その後、米長期金利の上昇が一服したことや、2月消費者物価指数の結果などを受けて来週の金融政策決定会合で利上げが決定されるとの期待が一層高まり、レアルは週初の下落を補って余りある上昇を見せました。

2021年2月

連邦議会の議長はボルソナロ氏支持

2月1日に連邦議会が開幕し、上下両院ともボルソナロ大統領が推薦した候補者が議長に選出されました。

新型コロナウイルス対策で議会と対立することの多かったボルソナロ氏ですが、対立関係にあった中道政党の切り崩しに成功しました。

特にボルソナロ氏と対立するマイア前議長は自身の後継者を擁立してボルソナロ氏を追い落とすことを示唆していたため、議長選はかなり重要な岐路だったのです。

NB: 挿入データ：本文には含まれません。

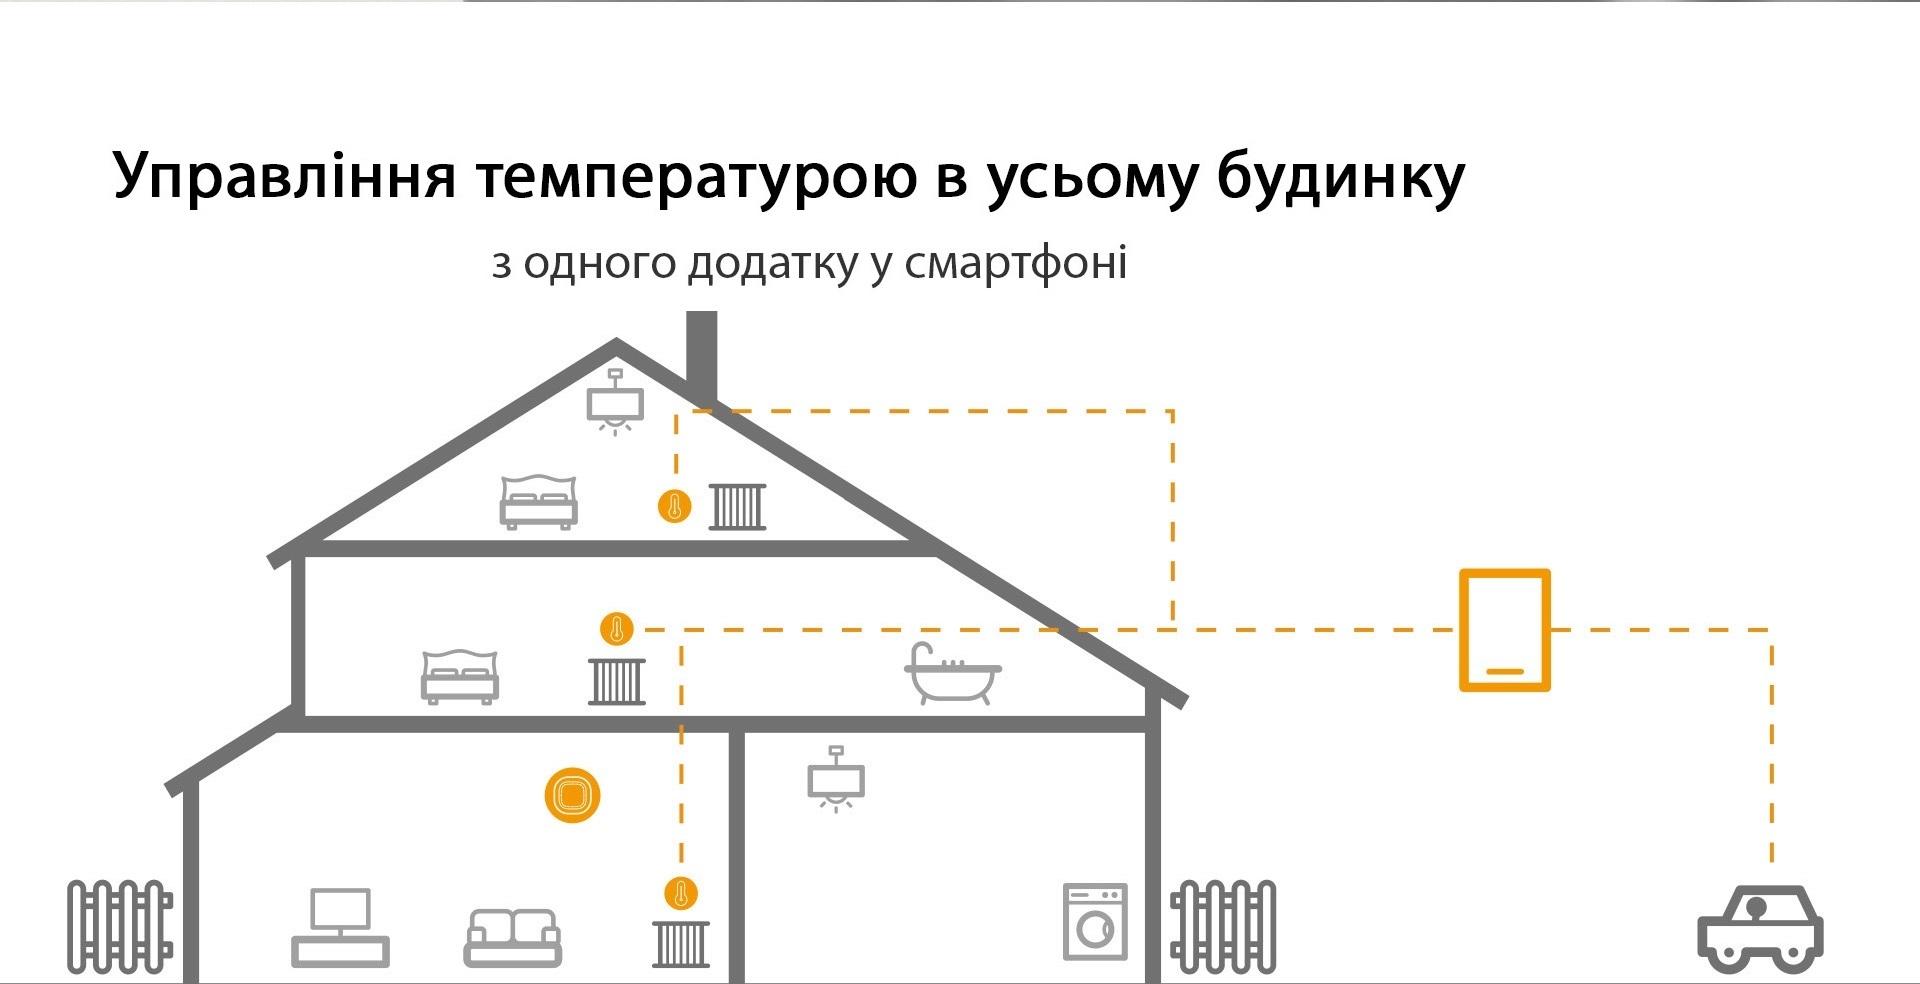 Умный дом: Комплект термоконтроль - контроллер (шлюз) Tervix Zigbee Gateway и 2 беспроводные радиаторные термоголовки Tervix EVA - 12

今回の議長選で、大統領が弾劾される可能性は低下し、更に構造改革が進みやすくなるとの見方が広がったようです。

ボルソナロ氏は2月3日、両議長との会談で35項目の課題を提示し、議会で優先して議論するよう求めました。

経済政策を統括するゲジス経済相が推進する、行政や税制改革、国有企業の民営化といった施策も含まれています。

また、財政への影響を限定した形での追加経済対策が近い将来に発表する予定とも報じられています。

2020年11月

統一地方選でボルソナロ氏苦境

2020年11月15日、市長や市議会議員を選ぶ統一地方選の投開票が行われました。

サンパウロ市やリオデジャネイロ市など主要都市の首長選では、ボルソナロ大統領が応援する候補者が軒並み苦戦を強いられています。

最大都市サンパウロ市では現職のコバス市長と左派のボウロス氏がともに過半数を獲得できず、11月29日の決選投票に進むことが確実となりました。

ボルソナロ氏が投票を呼びかけていた、キリスト教福音派の支持を受けるルソマノ氏は4位と伸びませんでした。

ボルソナロ氏の出身地であるリオデジャネイロ市長選では、現職のクリベラ市長を支持しましたが、得票率は22%程度にとどまり、ともに決選投票に進む野党候補のパエス氏の37%に大差を付けられています。